Baron-Cohen, whose book Zero Degrees of Empathy has just been published, wants to raise awareness of the human empathic system and the devastating consequences when it malfunctions. He wants society to progress from condemning people as evil and instead understand why they acted without due concern for the pain they would cause.
It was a full house and with the RI's 19th century clock reliably ticking, and its president His Royal Highness the Duke of Kent in attendance, the evening's lecture was introduced by Claudia Hammond (presenter of the BBC Radio 4 show All in the Mind).
I was curious to see how accepting the public would be of Baron-Cohen's new rubric of an empathic spectrum, where some people score zero and this extreme "empathic erosion" (in all its guises) increases the likelihood that they will commit acts of cruelty, murder or genocide. As hormones, brain structure and genes are all implicated there is an inescapably biologically deterministic element to Baron-Cohen's research.
"Your free will may not be 'free' but determined," said Baron-Cohen. The general public often respond with hostile, knee jerk responses to statements like that, so I expected someone to challenge this assertion that we are programmed animals. But the RI audience (many clasping box-fresh copies of his book ready for signing) were receptive to his nature-and-nurture discourse on the potential for evil.
Baron-Cohen led the audience through his research, highlighting controversial sex differences and group differences. (He possesses a voice so melodic and soothing that His Royal Highness nodded off, though to be fair, he may have been cogitating with his eyes shut).
In a series of slides he explained the relevance of hormones (testosterone in particular); the brain's empathy circuit (amygdala, anterior cingulate cortex and ventral striatum in particular); genes (CYPIIBI, WFSI, NTRKI and GABRB3 being the first four genes for empathy that have been located); behaviour (systemising versus empathising and their extremes); and environmental influences (Bowlby's theory of attachment being of immense significance here).
Empathy is a primal ability that evolved long before our ancestors developed spoken language. By focusing on empathy as the foundation of virtuous behaviour and acknowledging its absence or erosion as a fuel for human vices, Baron-Cohen has unified the whole of human psychological behaviour. And by teasing apart and measuring the biological components and environmental factors that contribute to how much or how little empathy an individual possesses, this research clarifies our understanding of human nature.
Baron-Cohen concluded his lecture by emphasising the importance of preserving empathy and using empathy to improve our lives and, as he himself commented, he did so, "At the risk of sounding aspirational".
Zero Degrees of Empathy forms an apex with Frans De Waal's research on the evolution of empathy, described in The Age of Empathy, and with Jeremy Rifkin's historical account of empathy, coalesced in The Empathic Civilisation.

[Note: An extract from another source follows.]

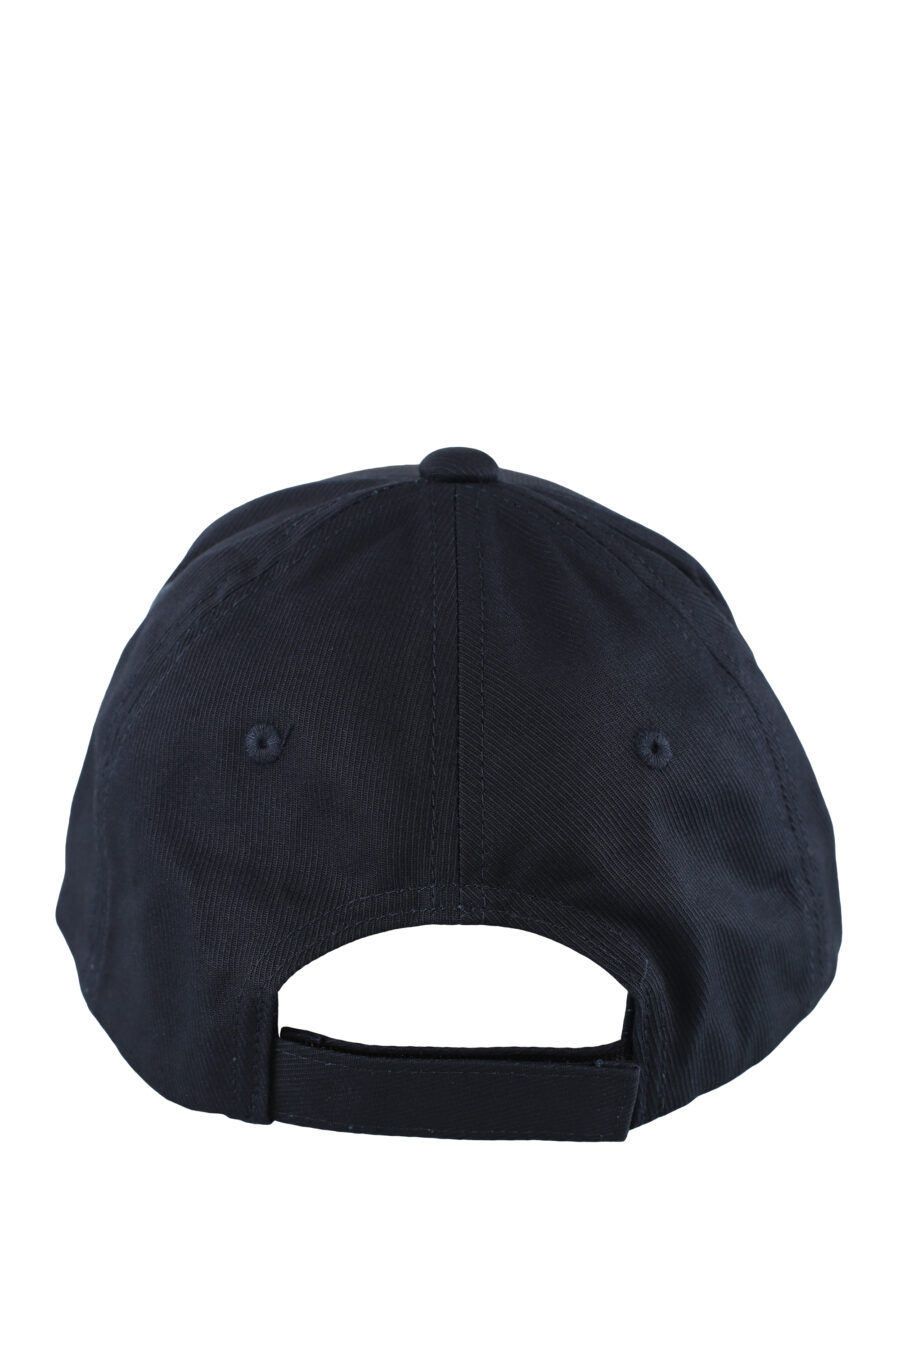 Gorra azul oscura con logo aguila blanco - IMG 5163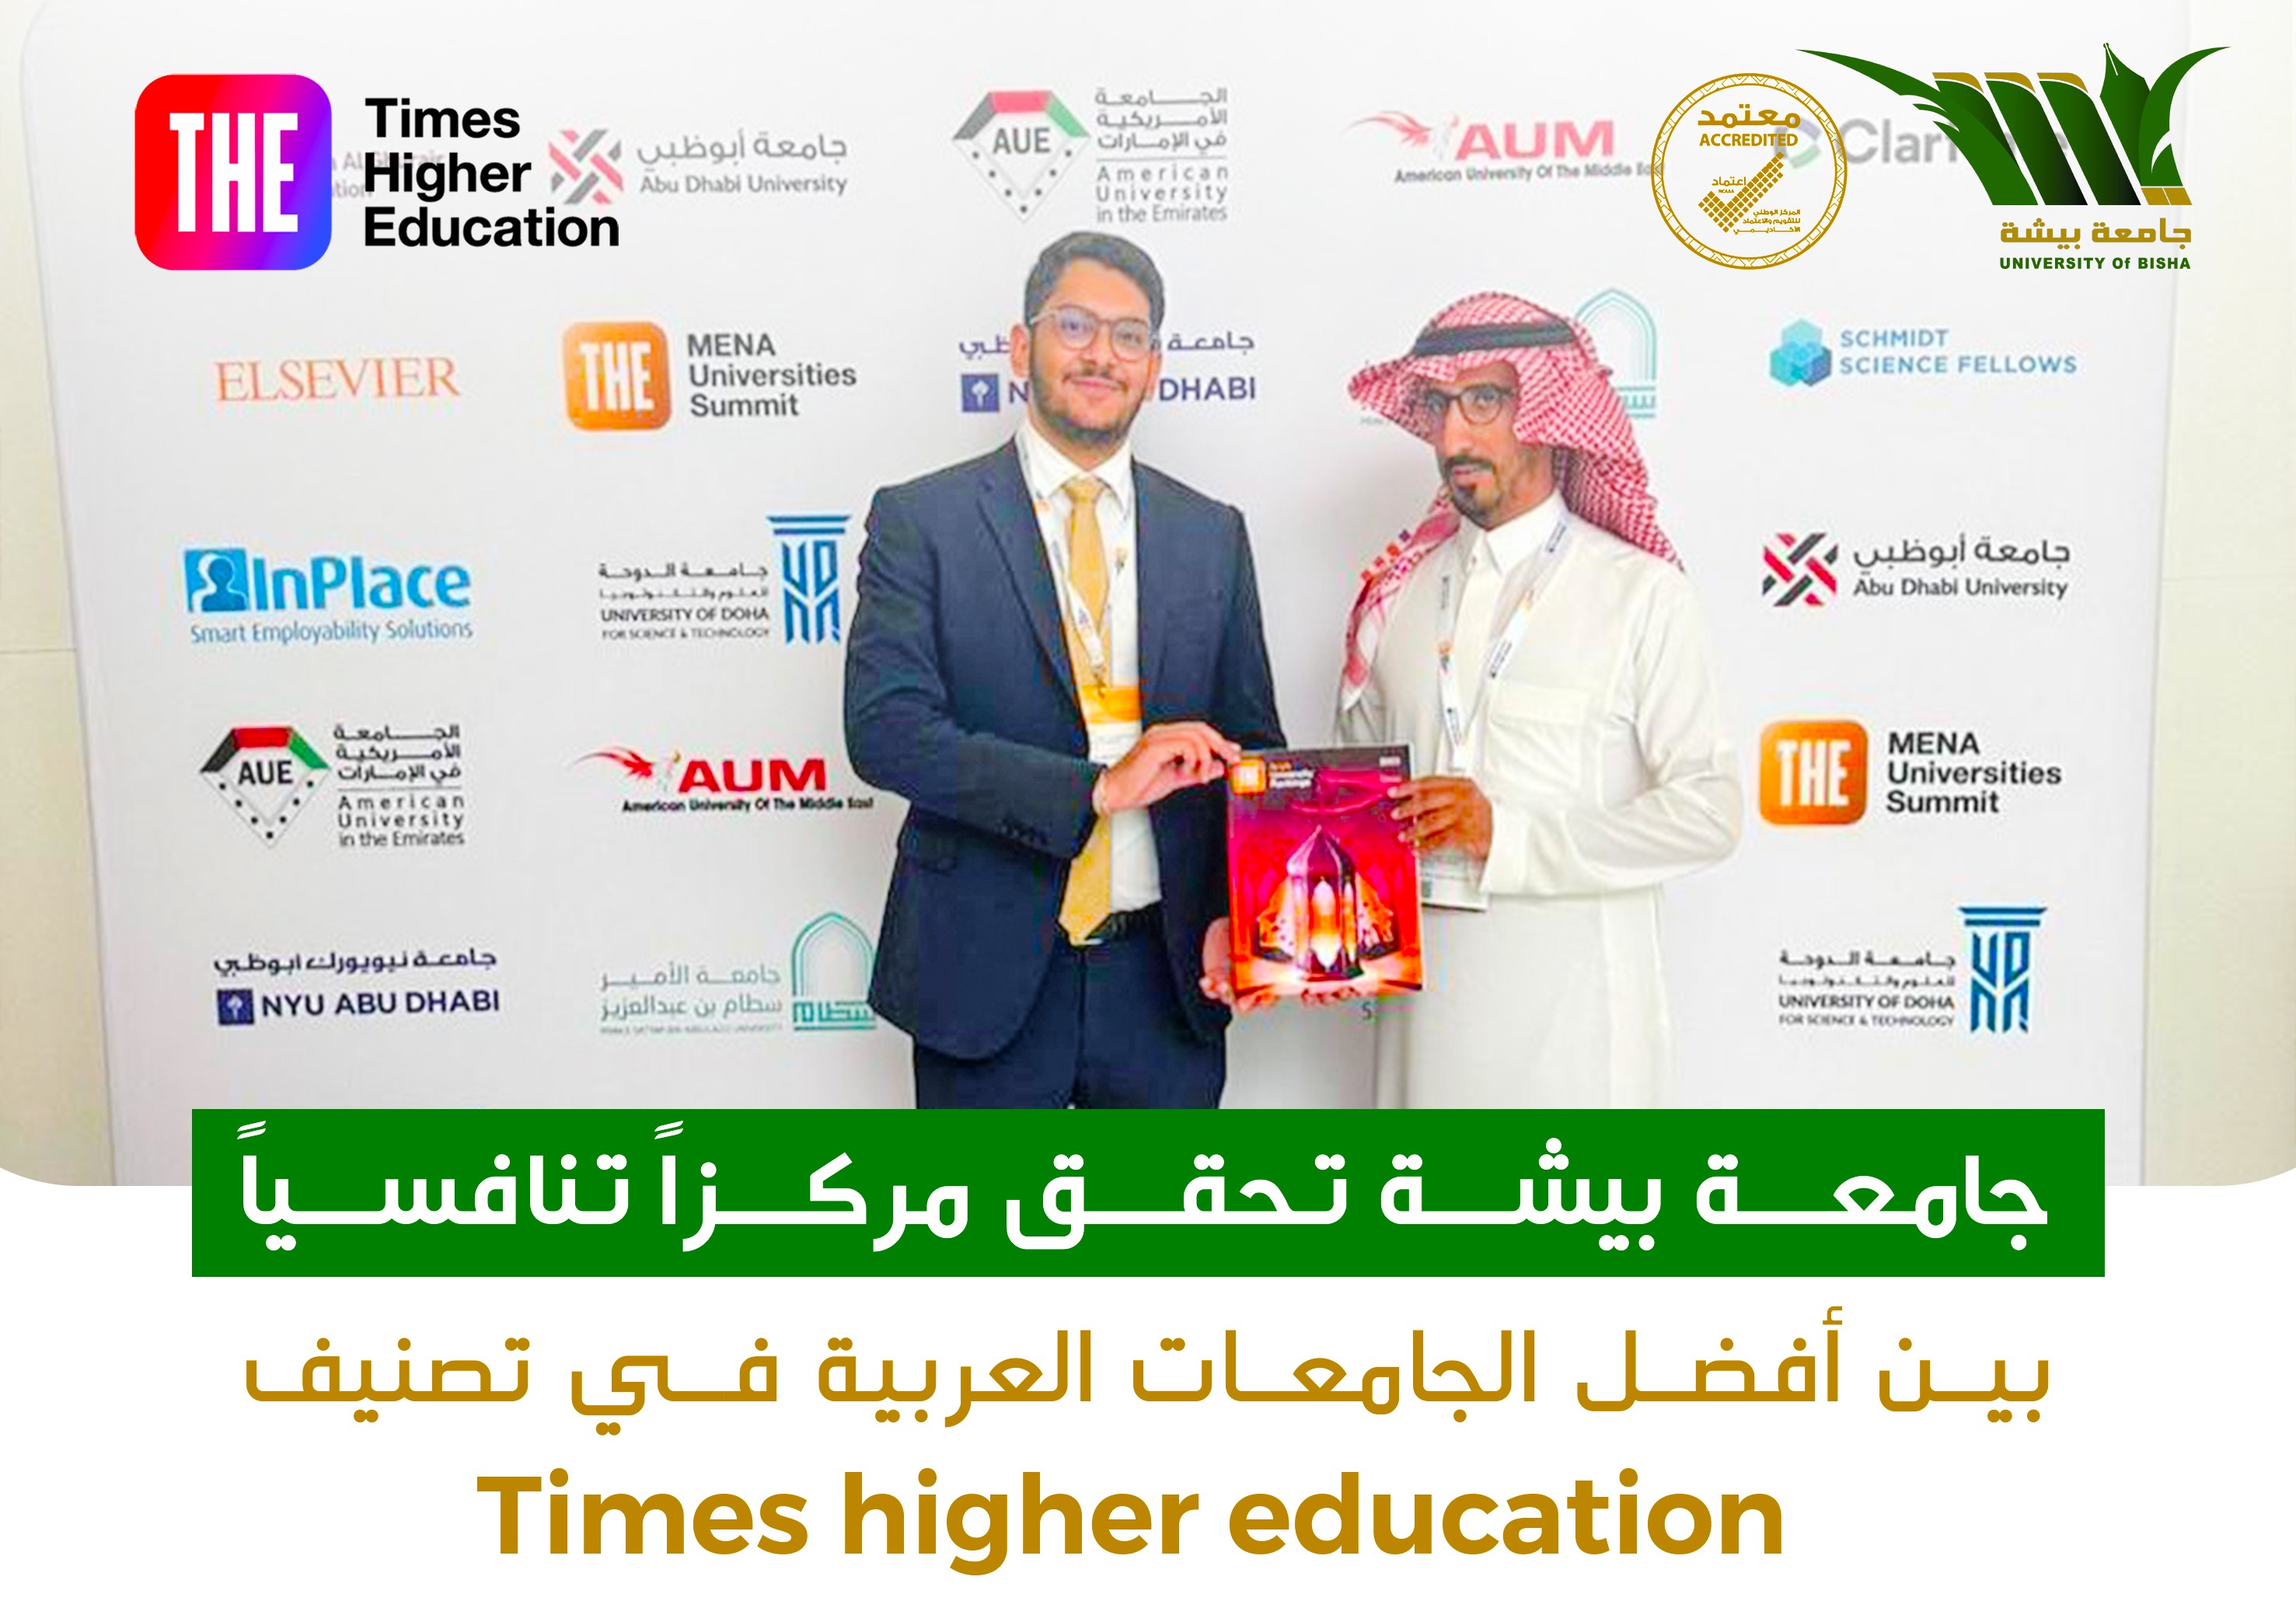 جامعة بيشة تحقق مركزاً تنافسياً بين أفضل الجامعات العربية في تصنيف Times higher education

Despite have taken separate research paths, their work has led them to the same place where they now stand in agreement that once empathy has been recognised as a cooperative force that can heal (even on a global scale), equality between people and between nations becomes possible.

The health care system

How a society treats its most vulnerable and its most dangerous is an indication of how civilised it is.
Earlier this year the Parliamentary and Health Service Ombudsman highlighted the abuse suffered by the elderly in care. But in fact none of the UK's most vulnerable groups, such as children in care, are receiving the protection they deserve. Not enough empathy is shown and too few empathic people are employed to care.
The Nursing and Midwifery Council (NMC) is pushing for change in the academic training of nurses. From 2013 training will consist of a degree programme, where maths and science at GCSE and a science at A-level with 260 UCAS points, will become compulsory at some universities. But Baron-Cohen's work has shown that some people with the systemising ability required for academic success have this strength at the expense of empathising.
Affective empathy is required to keep patients comfortable, especially patients unable to articulate their own needs, such as people with brain damage. A possible result of the forthcoming NMC changes could see the nursing profession less caring, as they will be employing people who can correctly answer textbook questions in a class room, instead of employing people who can intuitively respond to a patient's individual needs.
I asked Baron-Cohen whether it would be a good idea to test empathy levels before someone is employed in any of the caring professions.
There should be a screening process at an early stage, before the interview. But this cannot replace face-to-face interviews – some people may consider themselves empathetic when they are not and award themselves a higher score on the questionnaire than they should have."
Katherine Murphy, chief executive of the Patients Association, told me:
"Nurses need a balance between theory and practice. In addition to the standard academic entry requirement it would be useful to assess empathetic ability and to spend time on our Helpline and listen to the concerns of patients and relatives when they have a husband/wife in hospital."
The general communication skills of nurses are assessed by the NHS, but empathy per se is not. Without such tests, systemisers can fake empathy to pass interviews but may go on to unwittingly endanger the lives of those in their care.
Social work is another profession that needs empathic insight – to anticipate, read between the lines and correctly assess the needs of vulnerable people. But for now social services in the UK do not measure the empathic ability of applicants.

Criminal justice system

The psychiatric Diagnostic and Statistical Manual of Mental Disorders is used internationally. Baron-Cohen would like the updated version (due for publication in 2012) to include his paradigm of empathic disorders. Did he think this would result in fewer people being criminalised and more therapeutic centres to treat them?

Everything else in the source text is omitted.